[Required action] Write out every line of the material as it stands, apart from the pictures.

[Provided material]
+++

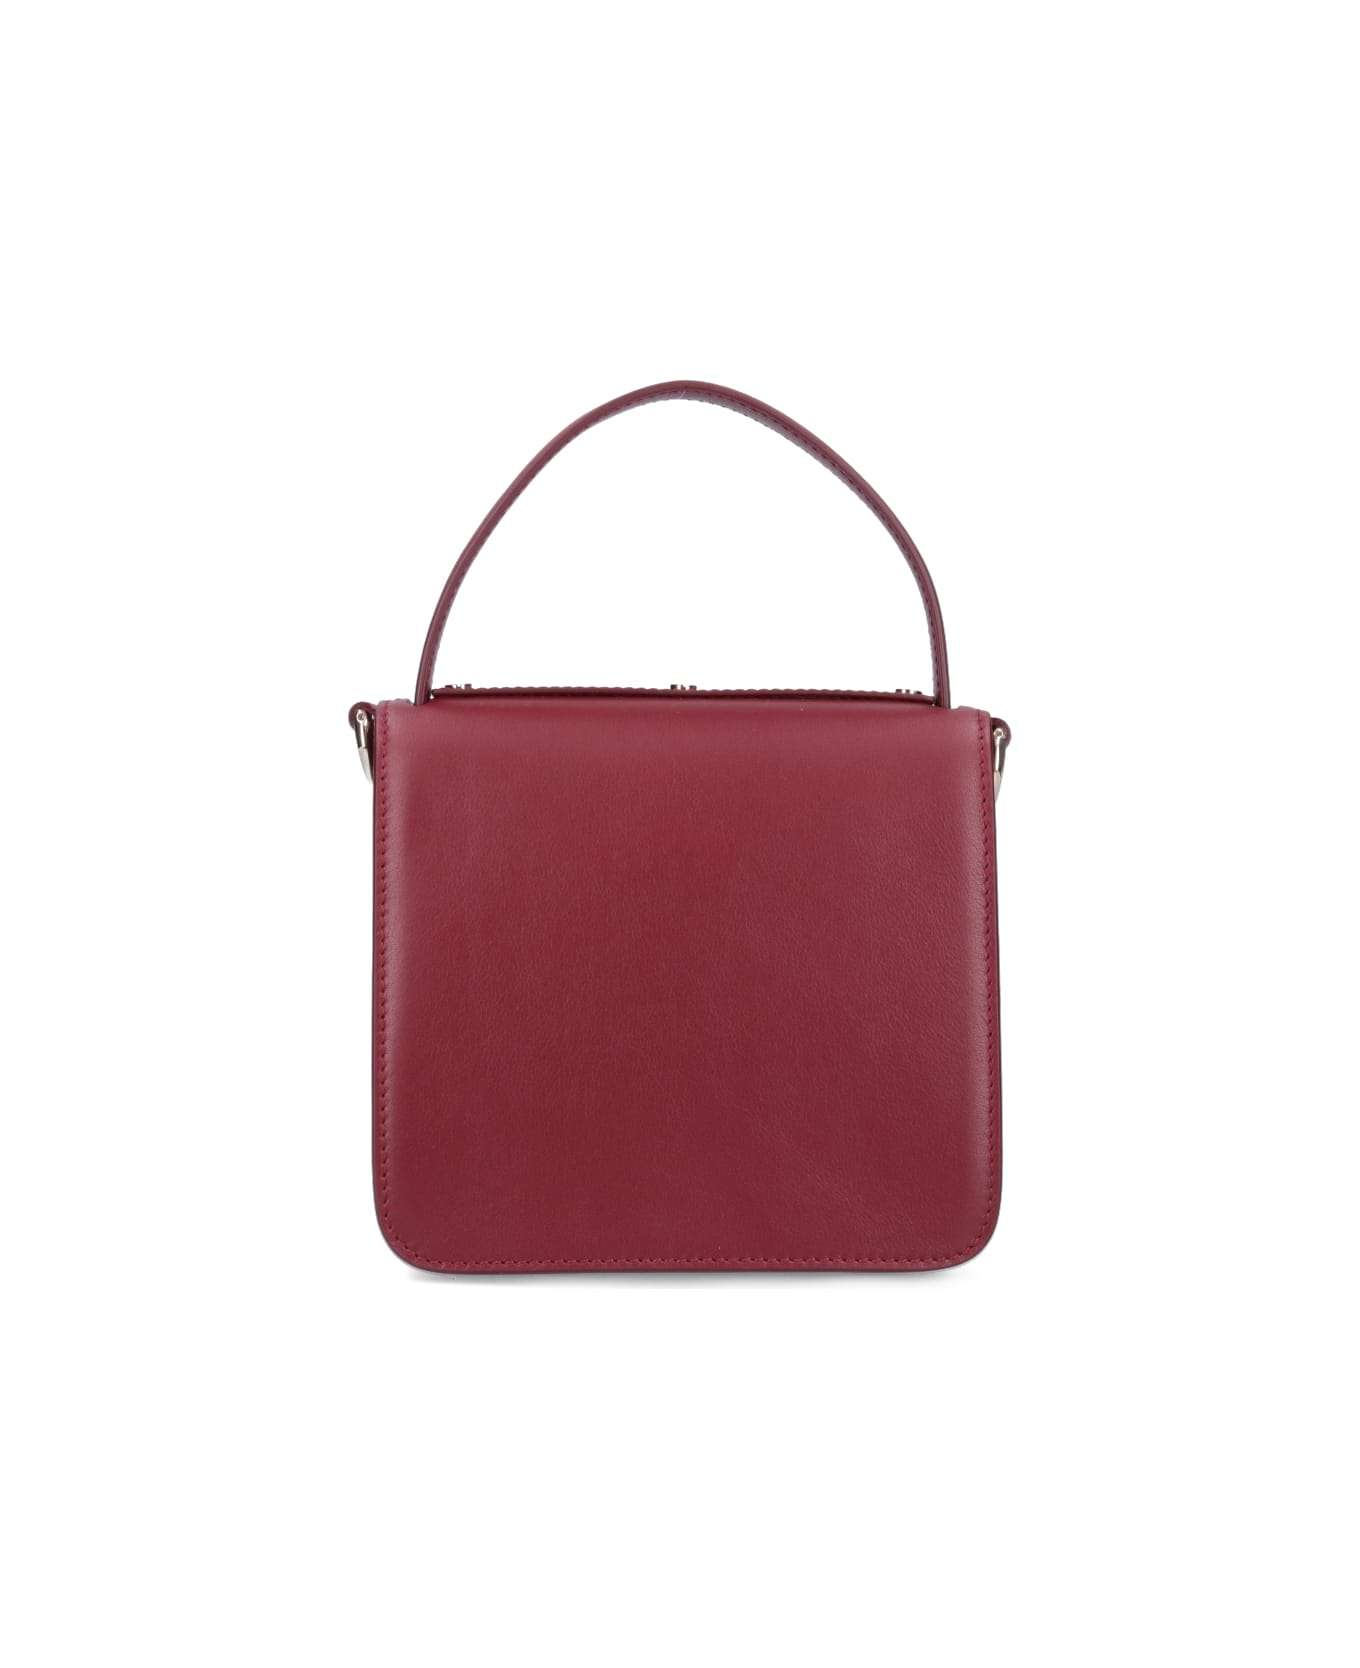 Chloé Small Bag "penelope" - Red
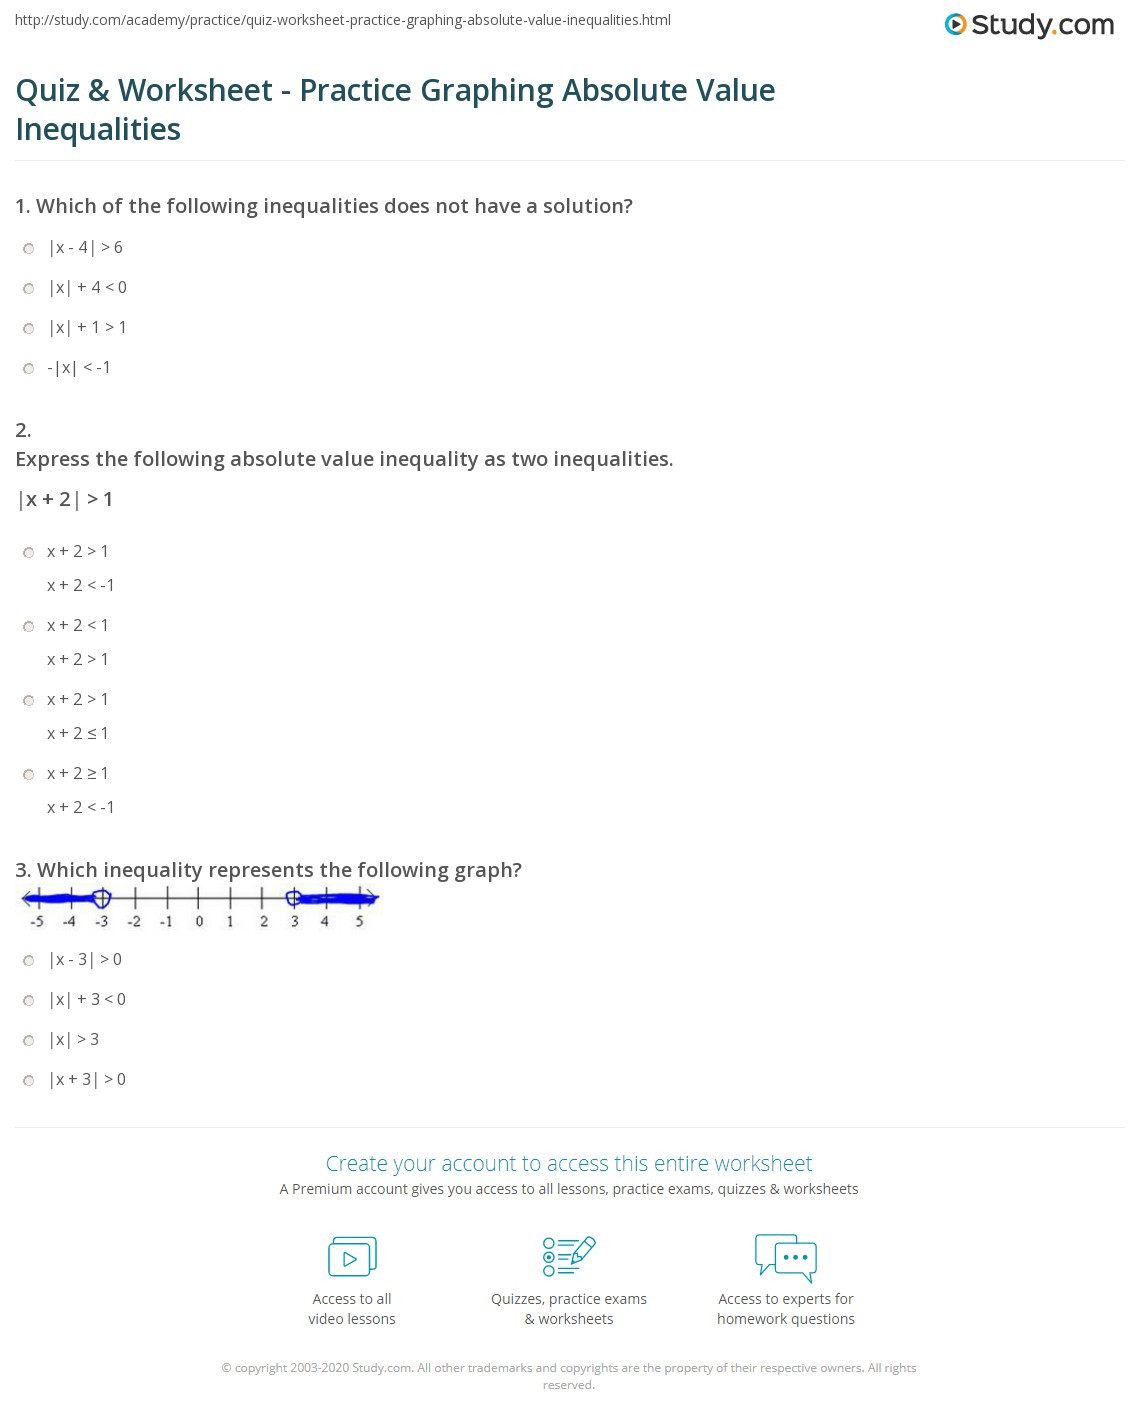 Solving Absolute Value Equations Worksheet Quiz &amp; Worksheet Practice Graphing Absolute Value
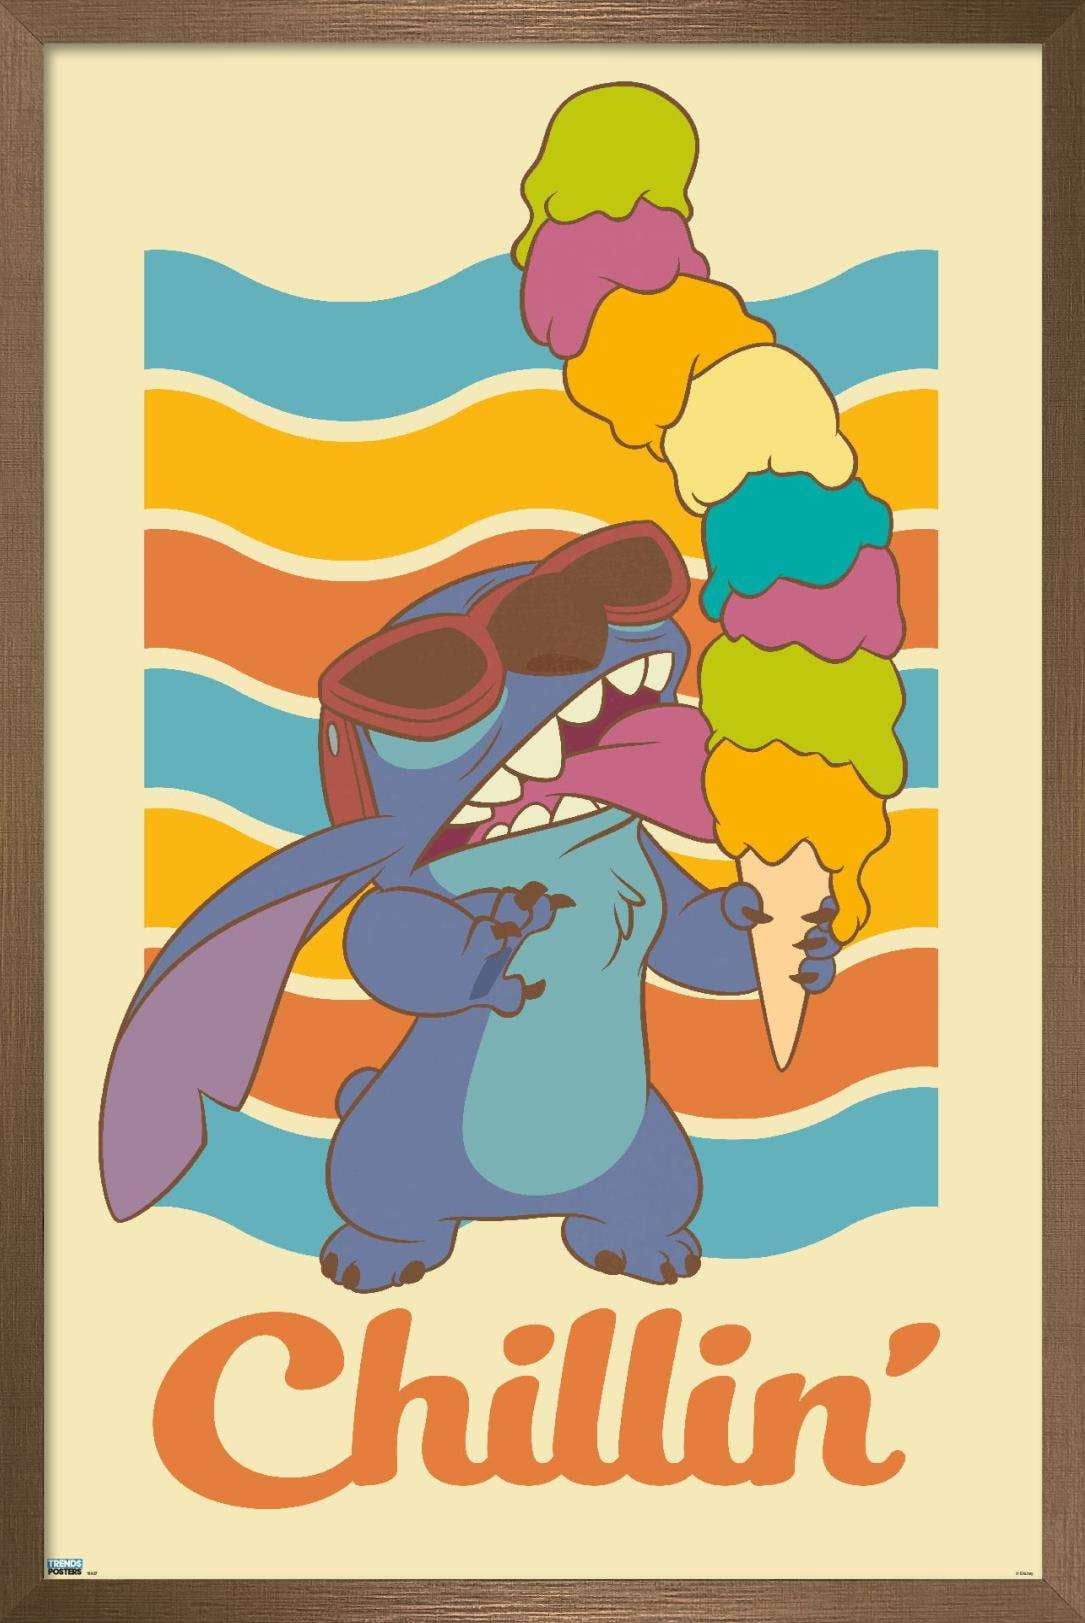 Stitch Merch Poster Art Wall Poster Sticky Poster Gift For Fan

+++

[Response below]
 Chloé Small Bag "penelope" - Red
 Solving Absolute Value Equations Worksheet Quiz &amp; Worksheet Practice Graphing Absolute Value
 Stitch Merch Poster Art Wall Poster Sticky Poster Gift For Fan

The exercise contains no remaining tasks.